* TO DO *
Every line of the entries below from the one containing "Liqui Moly Nr.1" to the one containing "49023c78c adidas Ultra", both ends included, must be written out exactly. No other line belongs in the answer.

* THE INPUT *
▬▬▬
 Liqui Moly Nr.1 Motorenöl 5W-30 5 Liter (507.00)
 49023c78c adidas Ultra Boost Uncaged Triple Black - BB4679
▬▬▬
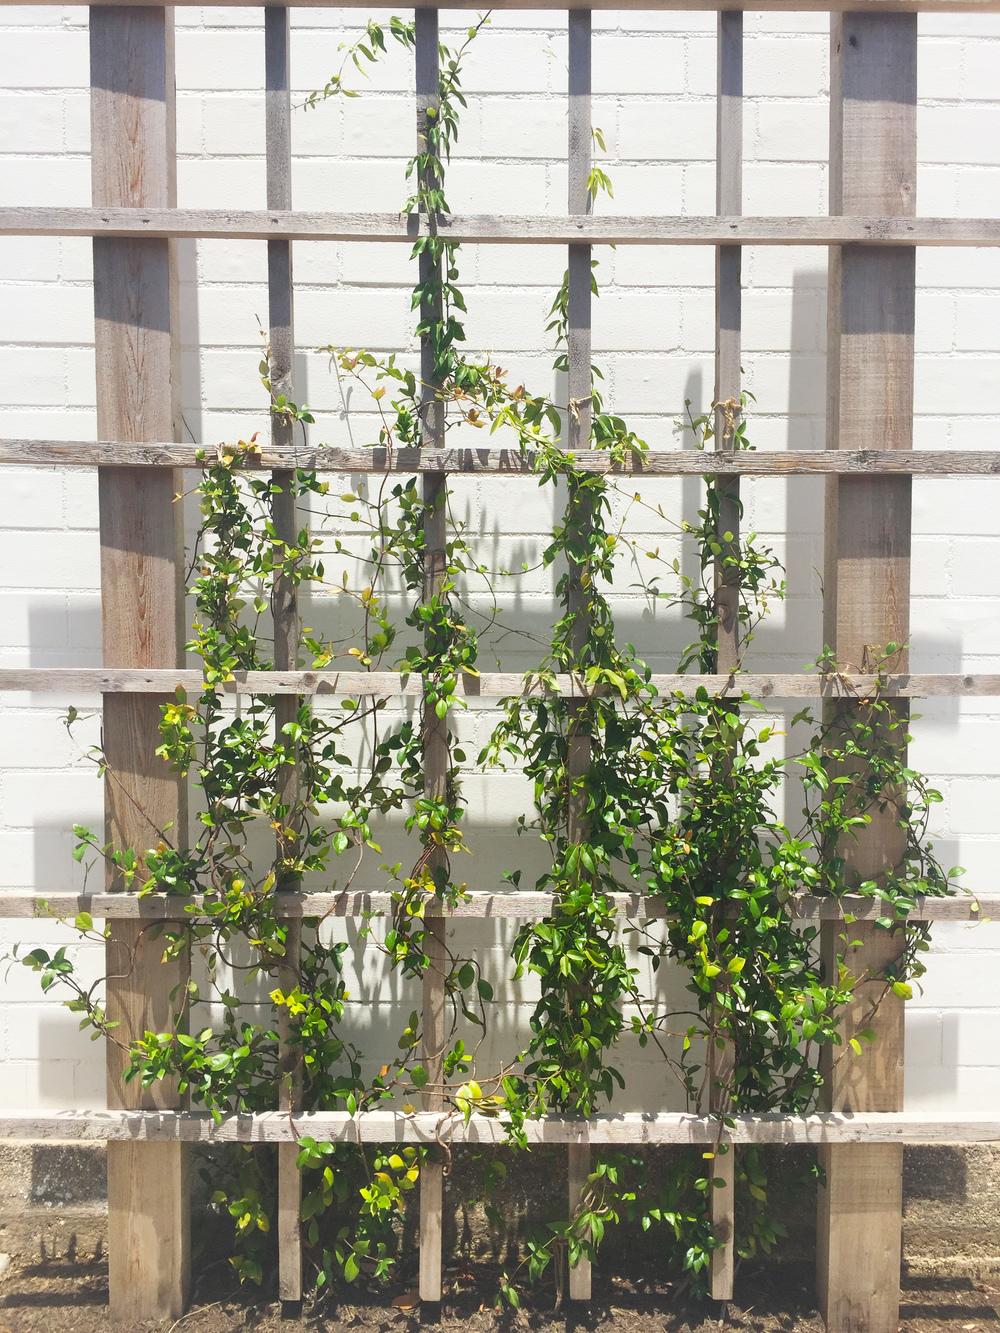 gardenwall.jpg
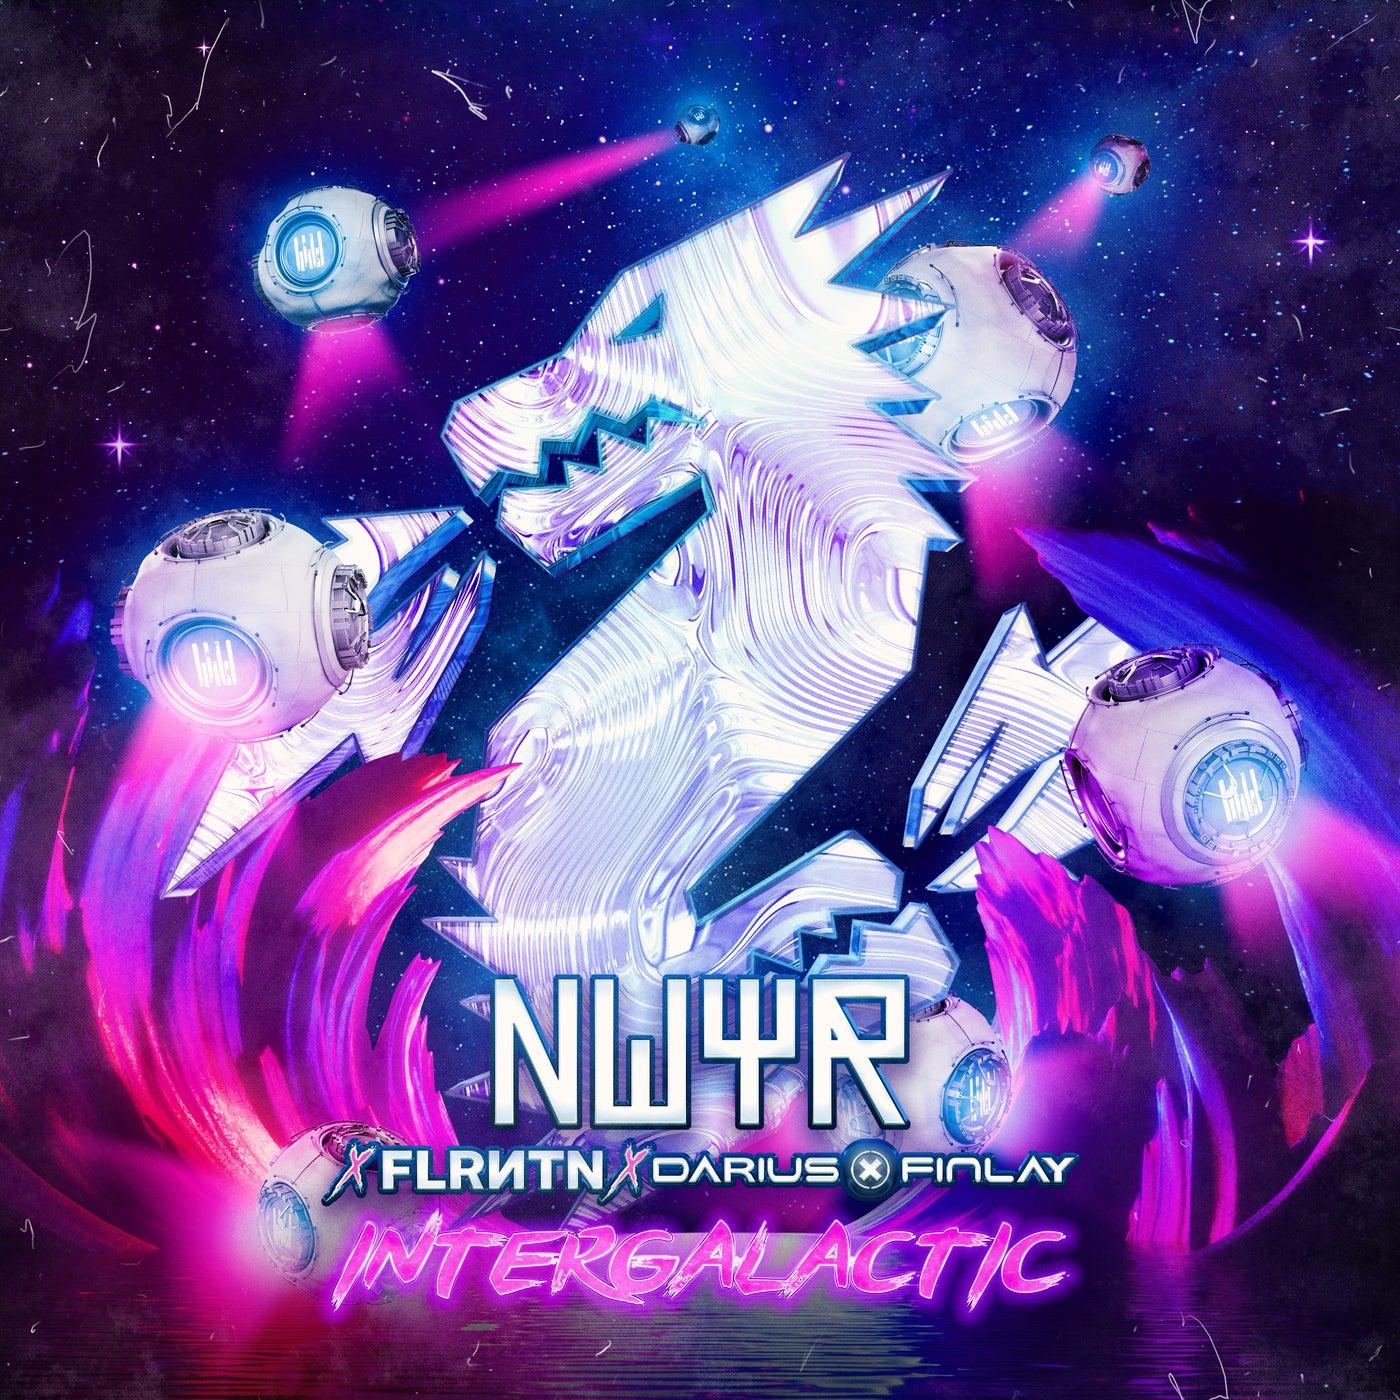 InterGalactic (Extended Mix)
▬▬▬
* WRITTEN SOLUTION *
 Liqui Moly Nr.1 Motorenöl 5W-30 5 Liter (507.00)
 49023c78c adidas Ultra Boost Uncaged Triple Black - BB4679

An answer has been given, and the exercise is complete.